Collected data

= = = = = = =

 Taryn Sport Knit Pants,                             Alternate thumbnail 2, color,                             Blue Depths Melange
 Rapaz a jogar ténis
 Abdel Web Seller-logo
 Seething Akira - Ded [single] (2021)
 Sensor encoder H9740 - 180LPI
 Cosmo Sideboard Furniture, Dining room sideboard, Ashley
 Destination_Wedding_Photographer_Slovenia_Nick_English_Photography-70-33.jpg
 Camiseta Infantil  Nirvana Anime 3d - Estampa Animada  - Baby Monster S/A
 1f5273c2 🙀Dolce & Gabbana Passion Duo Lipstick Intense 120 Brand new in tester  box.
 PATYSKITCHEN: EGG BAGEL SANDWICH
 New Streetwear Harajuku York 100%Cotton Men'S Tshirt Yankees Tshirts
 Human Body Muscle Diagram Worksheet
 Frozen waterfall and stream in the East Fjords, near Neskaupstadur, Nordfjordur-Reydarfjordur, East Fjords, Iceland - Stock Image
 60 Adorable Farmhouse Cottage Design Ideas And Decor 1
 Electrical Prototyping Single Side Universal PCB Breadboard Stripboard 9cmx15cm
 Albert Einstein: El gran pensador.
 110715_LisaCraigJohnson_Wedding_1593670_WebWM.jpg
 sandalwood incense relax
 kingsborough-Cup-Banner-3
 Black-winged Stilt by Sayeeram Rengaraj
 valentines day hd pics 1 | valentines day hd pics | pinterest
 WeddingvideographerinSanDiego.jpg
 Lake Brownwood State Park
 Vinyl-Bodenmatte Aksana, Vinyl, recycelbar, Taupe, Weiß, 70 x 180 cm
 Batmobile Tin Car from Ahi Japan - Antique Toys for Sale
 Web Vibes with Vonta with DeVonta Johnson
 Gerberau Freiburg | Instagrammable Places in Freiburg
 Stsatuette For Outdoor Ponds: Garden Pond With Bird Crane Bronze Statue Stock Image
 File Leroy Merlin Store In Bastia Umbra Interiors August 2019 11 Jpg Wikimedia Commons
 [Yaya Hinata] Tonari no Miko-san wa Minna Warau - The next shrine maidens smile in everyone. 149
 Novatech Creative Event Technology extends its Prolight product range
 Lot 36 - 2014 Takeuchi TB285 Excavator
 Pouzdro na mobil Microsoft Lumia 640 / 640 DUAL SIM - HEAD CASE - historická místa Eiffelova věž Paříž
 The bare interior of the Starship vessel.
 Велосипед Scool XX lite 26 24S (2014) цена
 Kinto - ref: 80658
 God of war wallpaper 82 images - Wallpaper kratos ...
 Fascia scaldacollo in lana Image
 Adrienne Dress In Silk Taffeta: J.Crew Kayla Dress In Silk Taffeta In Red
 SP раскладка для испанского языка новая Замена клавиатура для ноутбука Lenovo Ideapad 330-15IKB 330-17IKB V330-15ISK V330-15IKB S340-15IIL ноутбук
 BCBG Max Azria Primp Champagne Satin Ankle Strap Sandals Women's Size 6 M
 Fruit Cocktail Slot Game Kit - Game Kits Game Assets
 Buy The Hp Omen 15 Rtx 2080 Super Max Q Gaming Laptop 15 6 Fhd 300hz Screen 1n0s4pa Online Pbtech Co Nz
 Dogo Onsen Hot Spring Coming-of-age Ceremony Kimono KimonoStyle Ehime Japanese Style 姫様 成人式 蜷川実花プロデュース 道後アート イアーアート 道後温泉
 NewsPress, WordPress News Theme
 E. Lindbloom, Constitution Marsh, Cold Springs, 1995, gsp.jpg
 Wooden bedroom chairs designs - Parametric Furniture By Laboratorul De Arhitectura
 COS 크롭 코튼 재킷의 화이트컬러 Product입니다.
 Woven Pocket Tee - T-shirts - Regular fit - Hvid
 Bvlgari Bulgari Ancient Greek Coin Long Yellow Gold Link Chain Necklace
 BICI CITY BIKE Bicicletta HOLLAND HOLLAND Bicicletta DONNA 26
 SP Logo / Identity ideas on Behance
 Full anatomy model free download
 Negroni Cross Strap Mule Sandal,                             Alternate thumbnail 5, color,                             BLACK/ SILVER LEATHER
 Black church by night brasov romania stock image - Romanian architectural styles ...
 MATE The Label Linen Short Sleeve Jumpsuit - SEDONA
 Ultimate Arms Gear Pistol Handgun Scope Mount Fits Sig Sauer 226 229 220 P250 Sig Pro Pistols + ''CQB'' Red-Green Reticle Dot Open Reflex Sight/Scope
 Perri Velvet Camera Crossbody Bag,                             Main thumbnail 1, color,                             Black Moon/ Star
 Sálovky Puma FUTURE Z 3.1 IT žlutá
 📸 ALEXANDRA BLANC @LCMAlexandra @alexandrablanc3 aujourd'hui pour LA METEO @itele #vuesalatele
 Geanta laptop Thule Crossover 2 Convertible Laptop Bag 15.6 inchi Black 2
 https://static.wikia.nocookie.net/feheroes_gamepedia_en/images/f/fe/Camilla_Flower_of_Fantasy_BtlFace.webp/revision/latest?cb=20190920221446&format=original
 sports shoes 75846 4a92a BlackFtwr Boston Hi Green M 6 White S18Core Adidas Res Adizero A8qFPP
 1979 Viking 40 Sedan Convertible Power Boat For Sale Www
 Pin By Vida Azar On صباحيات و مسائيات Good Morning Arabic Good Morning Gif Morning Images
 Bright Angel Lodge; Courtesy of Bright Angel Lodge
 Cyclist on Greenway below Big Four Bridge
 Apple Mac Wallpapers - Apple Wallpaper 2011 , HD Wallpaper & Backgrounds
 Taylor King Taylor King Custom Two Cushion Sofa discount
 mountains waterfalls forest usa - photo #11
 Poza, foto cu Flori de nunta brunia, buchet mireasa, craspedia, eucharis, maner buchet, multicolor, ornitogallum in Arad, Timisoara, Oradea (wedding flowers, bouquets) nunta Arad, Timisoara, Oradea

= = = = = = =

> [Task]:
Only the lines above starting with the one with "Bvlgari Bulgari Ancient" and going through the one with "Cyclist on Greenway below Big Four Bridge" are to be copied, word for word and with both ends kept.

> [Expected answer]:
 Bvlgari Bulgari Ancient Greek Coin Long Yellow Gold Link Chain Necklace
 BICI CITY BIKE Bicicletta HOLLAND HOLLAND Bicicletta DONNA 26
 SP Logo / Identity ideas on Behance
 Full anatomy model free download
 Negroni Cross Strap Mule Sandal,                             Alternate thumbnail 5, color,                             BLACK/ SILVER LEATHER
 Black church by night brasov romania stock image - Romanian architectural styles ...
 MATE The Label Linen Short Sleeve Jumpsuit - SEDONA
 Ultimate Arms Gear Pistol Handgun Scope Mount Fits Sig Sauer 226 229 220 P250 Sig Pro Pistols + ''CQB'' Red-Green Reticle Dot Open Reflex Sight/Scope
 Perri Velvet Camera Crossbody Bag,                             Main thumbnail 1, color,                             Black Moon/ Star
 Sálovky Puma FUTURE Z 3.1 IT žlutá
 📸 ALEXANDRA BLANC @LCMAlexandra @alexandrablanc3 aujourd'hui pour LA METEO @itele #vuesalatele
 Geanta laptop Thule Crossover 2 Convertible Laptop Bag 15.6 inchi Black 2
 https://static.wikia.nocookie.net/feheroes_gamepedia_en/images/f/fe/Camilla_Flower_of_Fantasy_BtlFace.webp/revision/latest?cb=20190920221446&format=original
 sports shoes 75846 4a92a BlackFtwr Boston Hi Green M 6 White S18Core Adidas Res Adizero A8qFPP
 1979 Viking 40 Sedan Convertible Power Boat For Sale Www
 Pin By Vida Azar On صباحيات و مسائيات Good Morning Arabic Good Morning Gif Morning Images
 Bright Angel Lodge; Courtesy of Bright Angel Lodge
 Cyclist on Greenway below Big Four Bridge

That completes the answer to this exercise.